IMPORTANT NOTE: The alternative approach described here is not designed as a replacement to using Batch Apex against the database using QueryLocator. Using QueryLocator gives access to 50m records, where as the Iterator usage only 50k. Thus the use cases for the Batch Worker are more aligned with smaller jobs perhaps driven by end user selections or stitching together complex chunks of work together.

Well I didn’t know that! (#WIDKT)

First lets review something you may not have realised about implementing Batch Apex. The start method can return either a QueryLocator or something called Iterable. You can implement your own iterators, but what is actually not that clear is that Apex collections/lists implement Iterator by default!

Iterable<String> i = new List<String> { 'A', 'B', 'C' };

With this knowledge, implementing Batch Apex to iterate over a list is now as simple as this…

public with sharing class SimpleBatchApex implements Database.Batchable<String>
{
	public Iterable<String> start(Database.BatchableContext BC)
	{
		return new List<String> { 'Do something', 'Do something else', 'And something more' };
	}

	public void execute(Database.BatchableContext info, List<String> strings)
	{
		// Do something really expensive with the string!
		String myString = strings[0];
	}

	public void finish(Database.BatchableContext info) { }
}

// Process the String's one by one each with its own governor context
Id jobId = Database.executeBatch(new SimpleBatchApex(), 1);

The second parameter of the Database.executeBatch method is used to determine how many items from the list are pass to each execute method invocation made by the platform. To get the maximum governors per item and match that of a single @future call, this is set 1.  We can also implement Batch Apex with a generic data type know as Object. Which allows you to process different types or actions in one job, more about this later.

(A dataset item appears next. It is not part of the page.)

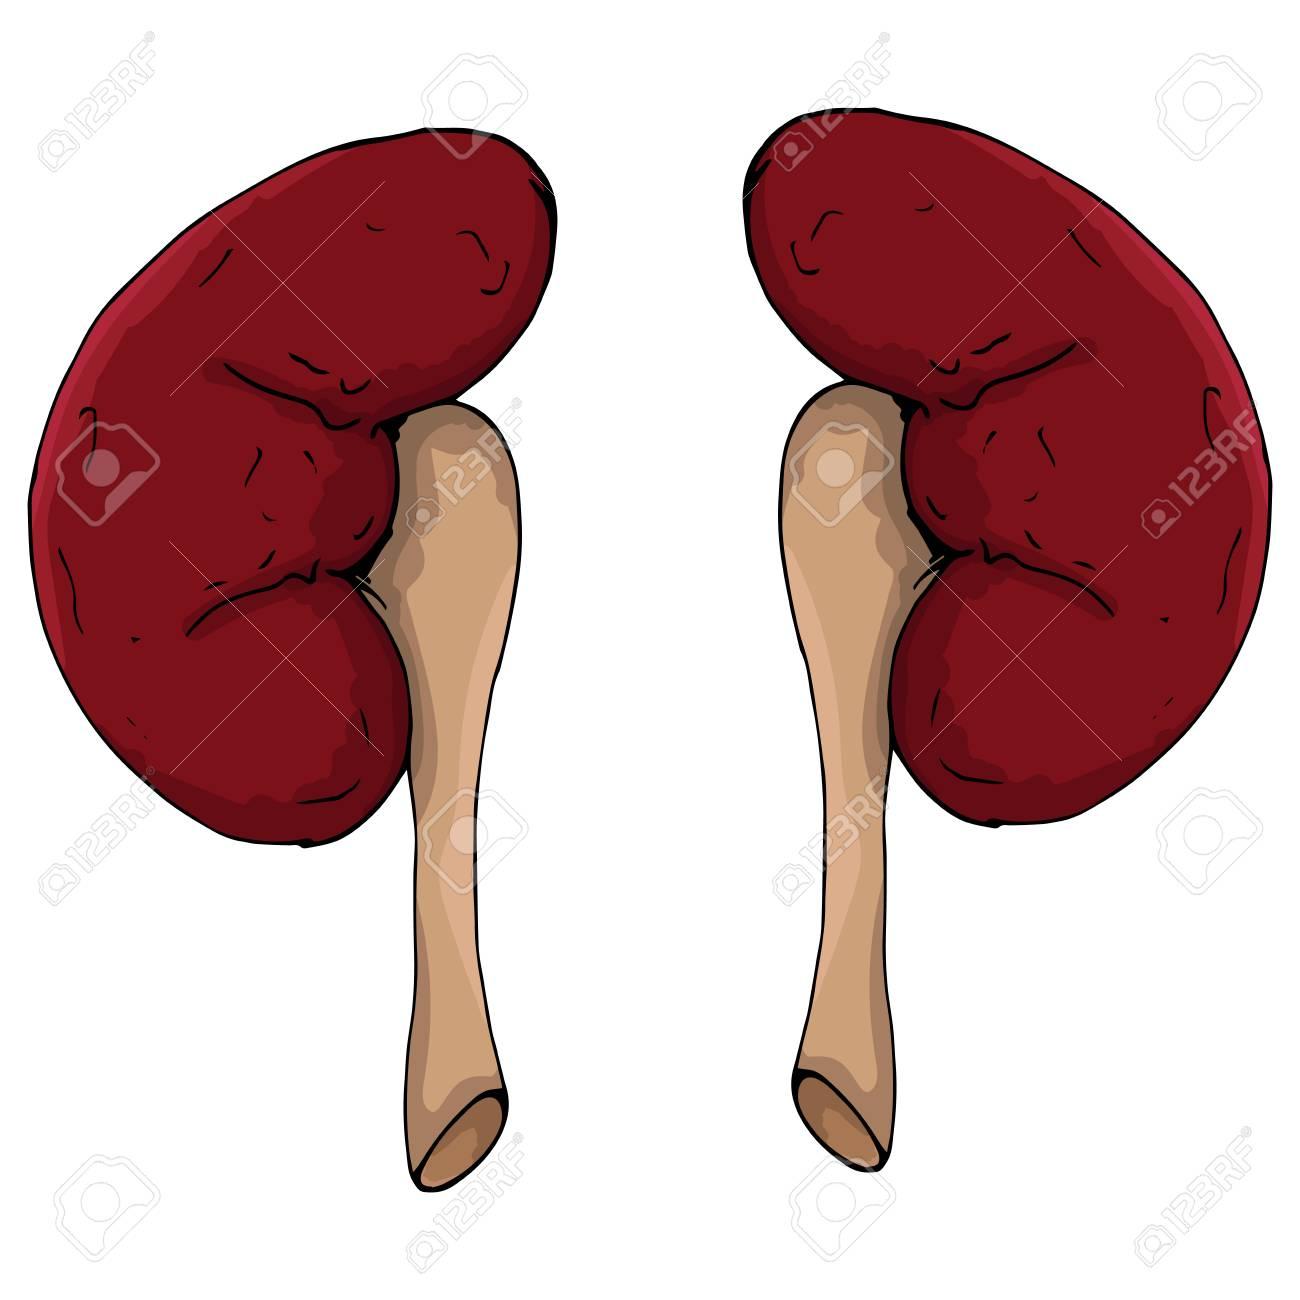 Human Kidneys Vector Illustration Of A Kidney Man Human Anatomy
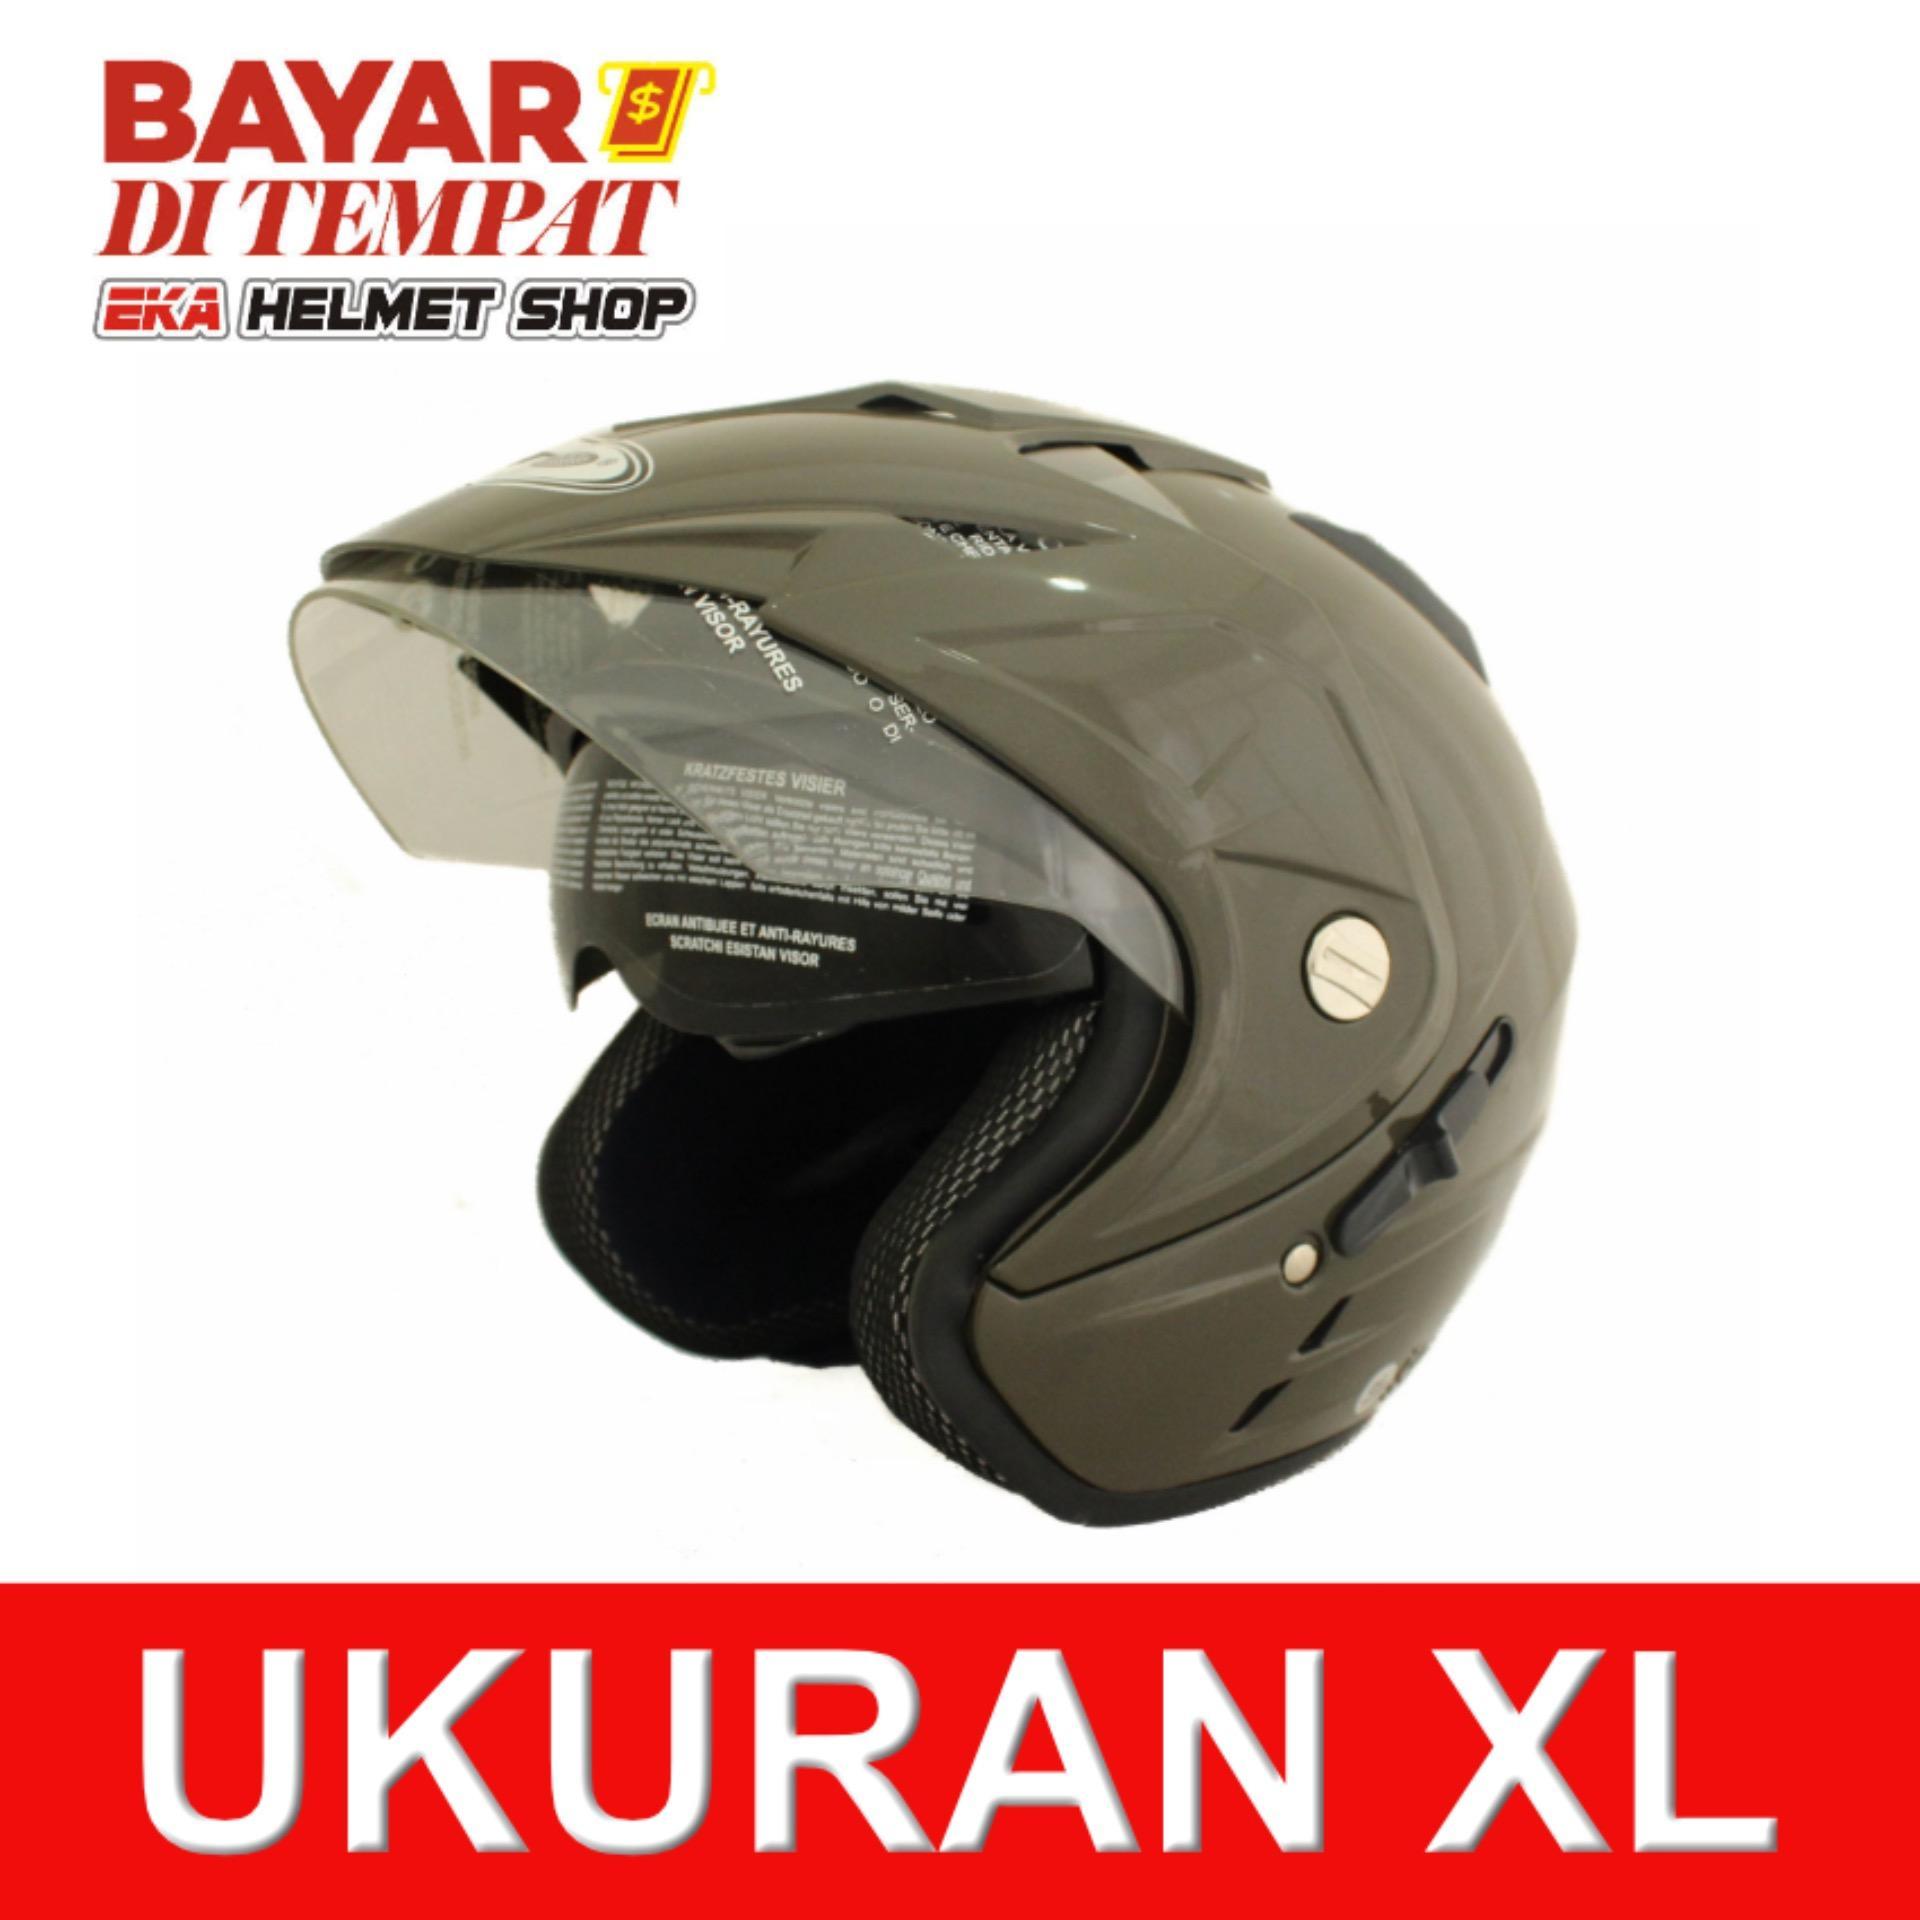 Wto Helmet Impressive Hijau Tua Di Banten

public with sharing class GenericBatchApex implements Database.Batchable<Object>
{
	public Iterable<Object> start(Database.BatchableContext BC) { }

	public void execute(Database.BatchableContext info, List<Object> listOfAnything) { }

	public void finish(Database.BatchableContext info) { }
}

A BatchWorker Base Class

The above simplifications are good, but I wanted to further model the type of flexibility @future gives without dealing with the Batch Apex mechanics each time. In designing the BatchWorker base class used in this blog i wanted to make its use as easy as possible. I’m a big fan of the fluent API model and so if you look closely you’ll see elements of that here as well. You can view the full source code for the base class here, its quite a small class though, extending the concepts above to make a more generic Batch Apex implementation.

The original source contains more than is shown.